=== Given data ===
╔══
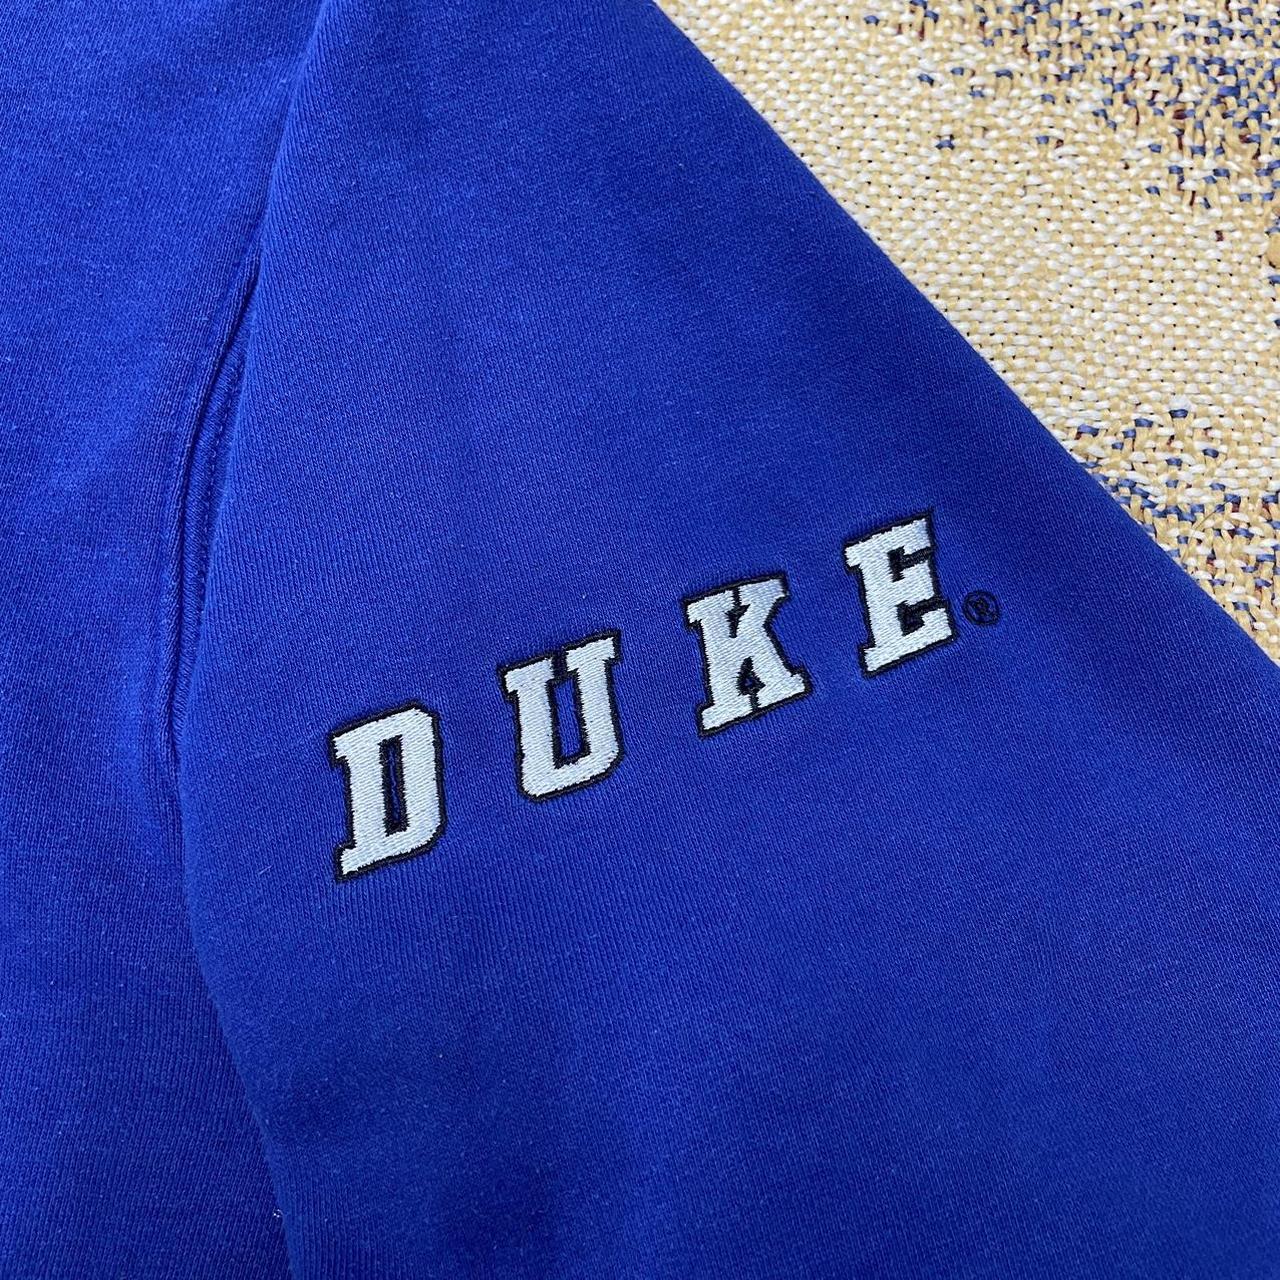 Duke Men's Blue and White Hoodie (4)
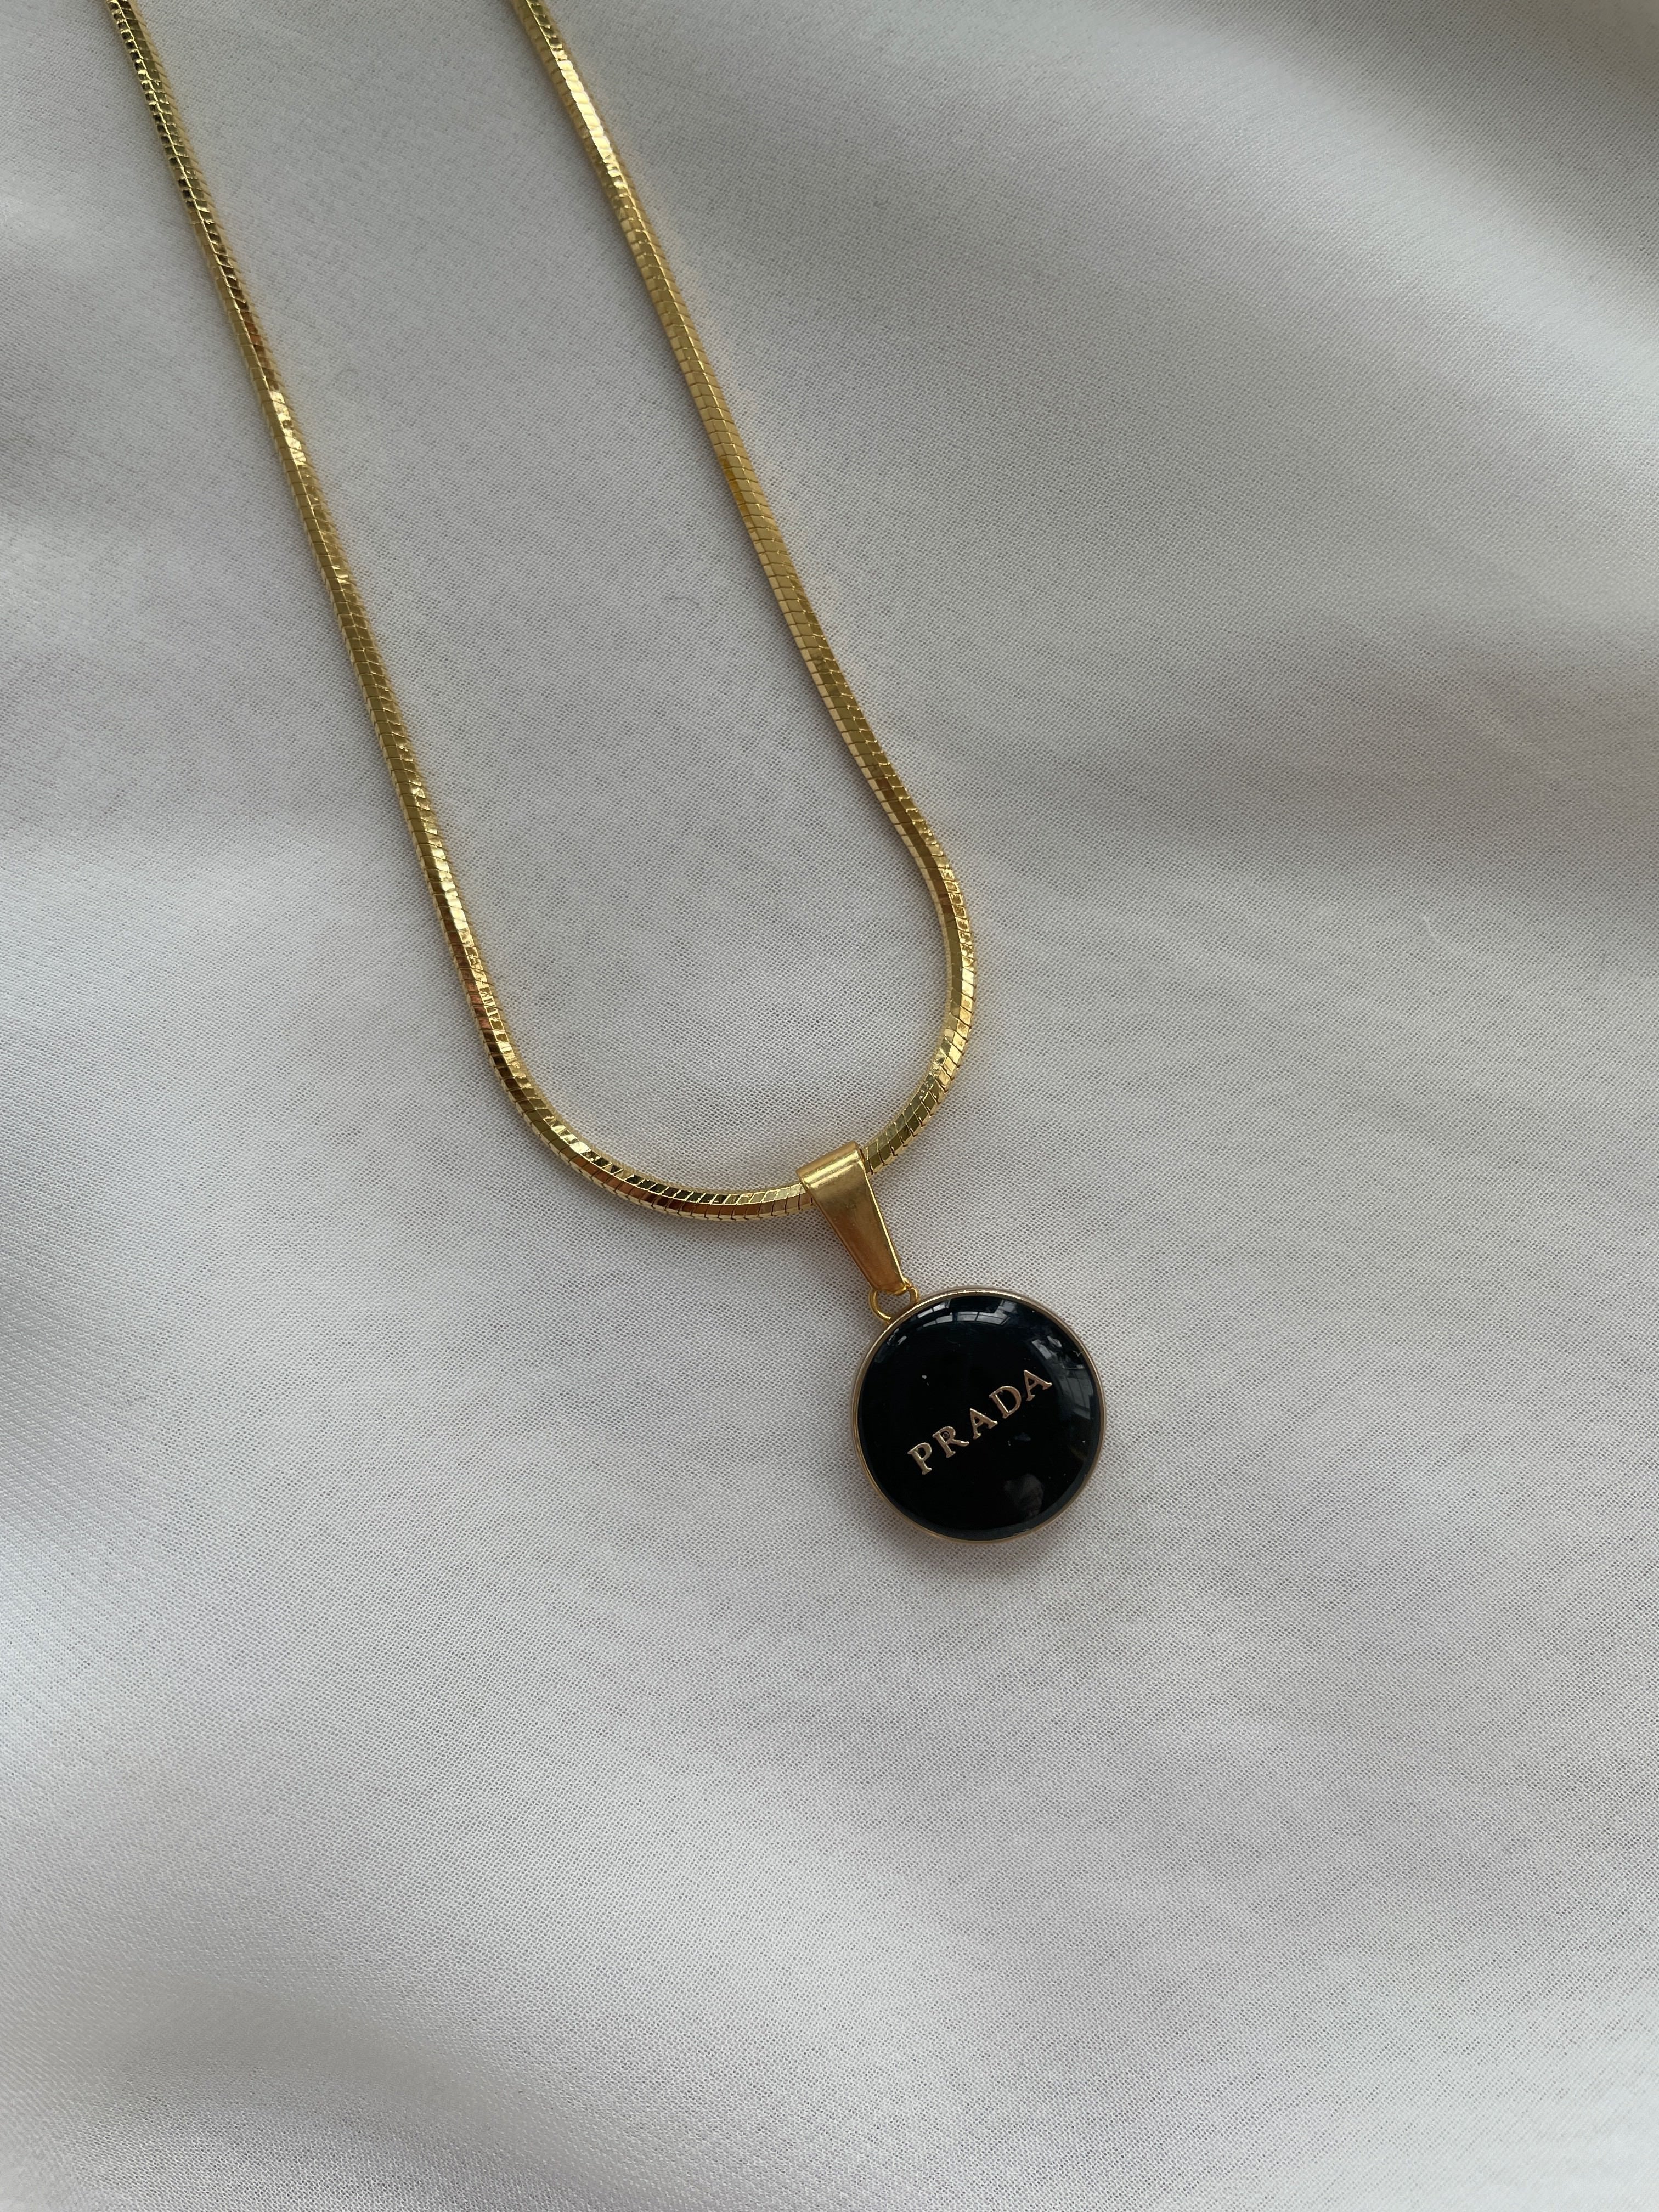 Prada Badge Bolo Necklaces - Black, White, Pink - Designer Button
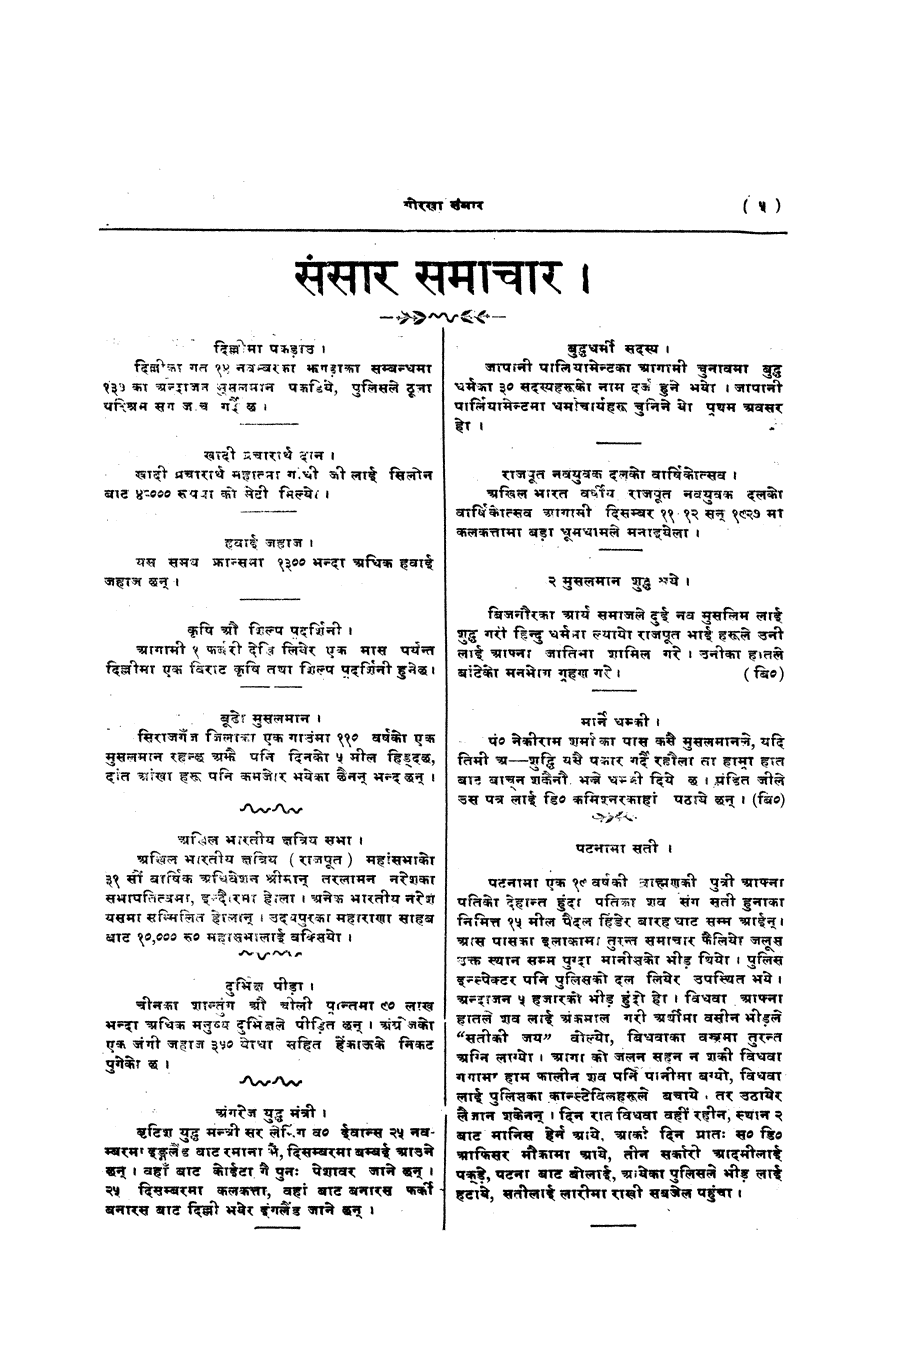 Gorkha Sansar, 5 Dec 1927, page 7
╚══
=== Instructions to follow ===
Return exactly the lines from the line with "Prada Badge Bolo" through the last line of the data above, both included; pictures do not go in the answer.

=== Task answer ===
 Prada Badge Bolo Necklaces - Black, White, Pink - Designer Button
 Gorkha Sansar, 5 Dec 1927, page 7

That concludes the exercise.